Anyone strolling along Northrop Mall on Thursday night would have come upon several dozen little tarp structures dotting the lawns – and might have wondered what they were.
As their final project, students from Topics in Architecture (Arch 3150) camped out on the Mall overnight in shelters they built and designed themselves. They could spend no more than $20 on their structures and had two weeks to build them and scavenge for free materials.
The class, titled Architecture for Humanity: Design Like You Give a Damn, is taught by Cameron Sinclair, a Cass Gilbert Visiting Professor at the College of Architecture and Landscape Architecture. He is a co-founder of Architecture for Humanity.
Architecture for Humanity is a nonprofit organization founded in 1999. Its mission is to “promote architectural and design solutions to global, social and humanitarian crises,” according to its Web site.
Sinclair was out of town, but his students said that in their class, Sinclair has had them design structures for people displaced by Hurricane Katrina and the 2004 Indian Ocean tsunami, as well as earthquake-resistant structures for people in Kashmir.
Through Architecture for Humanity, the students’ work is taken to these clients, who choose one of their designs, and then the students’ work actually gets built.

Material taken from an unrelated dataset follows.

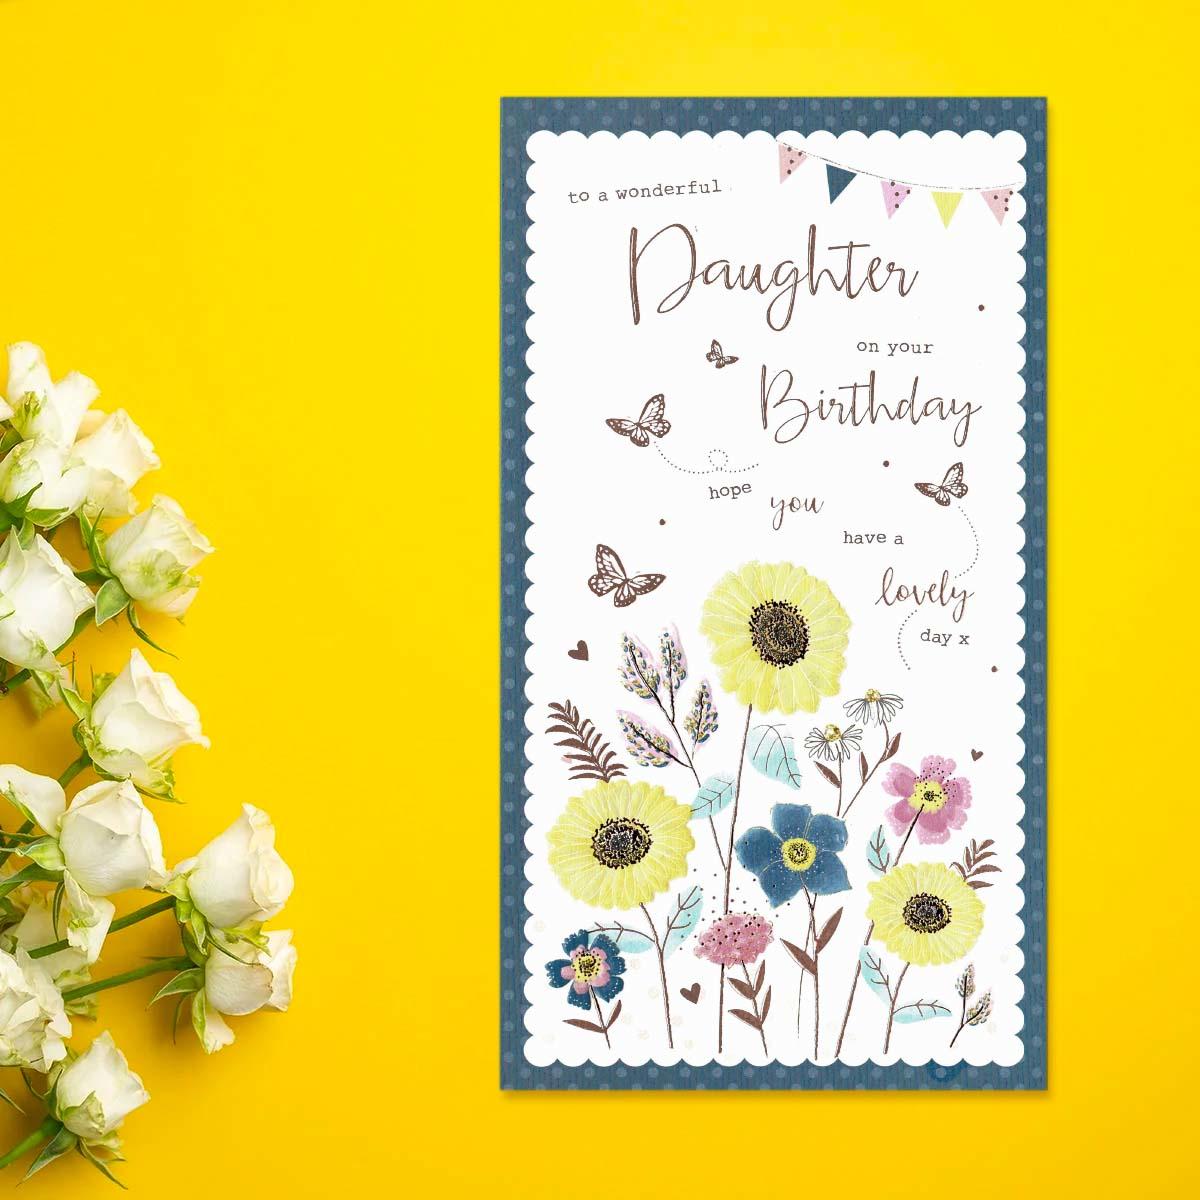 Palladium - Wonderful Daughter Birthday Card Front Image
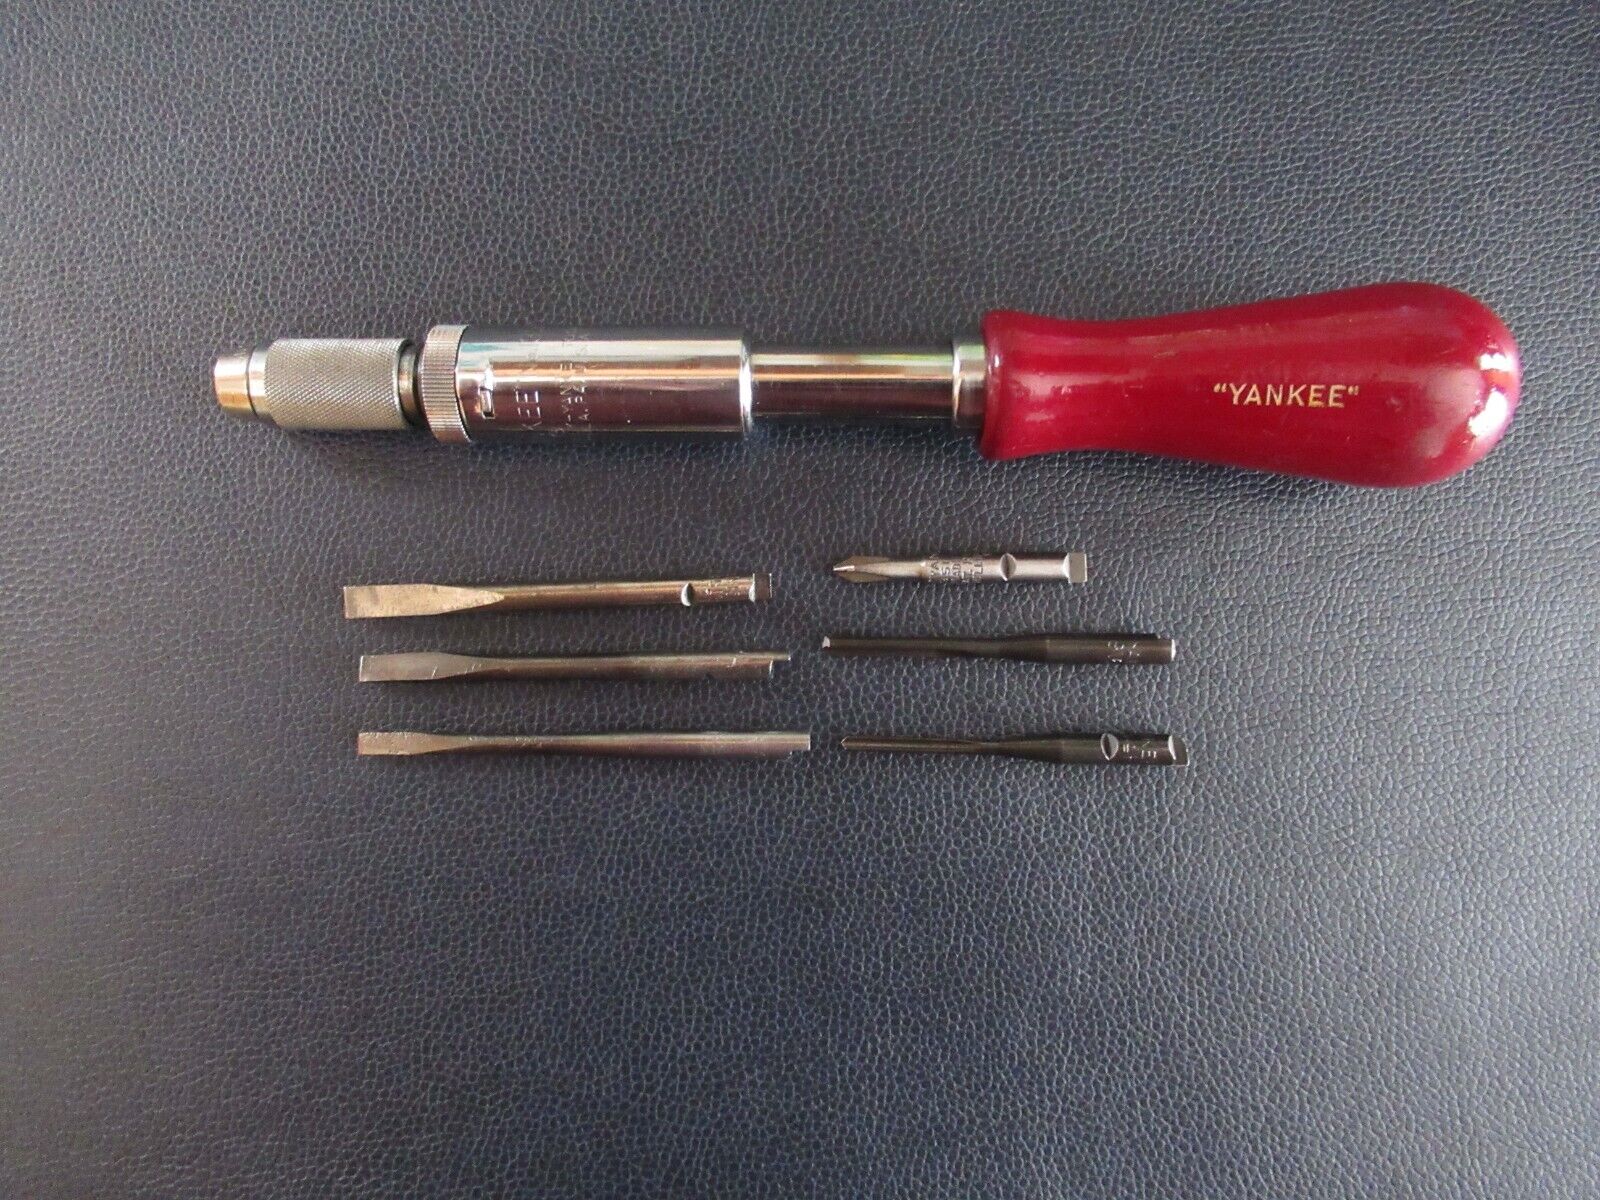 Stanley Yankee No. 135A Spiral Ratchet Screwdriver w/ 6 Bits

The purpose of Thursday’s event wasn’t so much to increase awareness or make a statement, students said.
Instead, Sinclair said the experience of being homeless for a night would help the students better understand the situation of the people they design for.
“We sit there and design all these things for someone,” said architecture sophomore Ken Weber. “But we never get to put ourselves in their shoes.”
Some students, such as interior design senior Sarah Theisen, decided to make their experience as authentic as they could. Instead of buying any supplies for her shelter, she went Dumpster diving for cardboard boxes and plastic bags.
She was glad to give a tour of her cardboard box home.
“This is my bed,” she explained. “It’s bubble wrap.”
Others, such as architecture senior Emma Pachuta, did spend some money, but tried to make their structure as hidden as possible because sleeping in public places, she pointed out, is illegal.
Her home for the night, nestled behind some bushes in front of Walter Library, used the side of the building as one wall, and was not visible from the sidewalk in front of it.
“The point was to be homeless for 24 hours,” Pachuta said. “If someone was going to stay on campus overnight, this is more what they’d have to do.”
Senior Jonathan Bahe and junior Allison Rockwell said it was important to have an experience like this that puts them in the place of people in need of shelter. Being able to build structures conducive to different socioeconomic, geographic and cultural backgrounds, they said, is a valuable skill for an architect.
“There are so many political and cultural issues of different countries,” Bahe said. “Sometimes responses that the U.N. provides are so bad because they don’t take those issues into consideration.”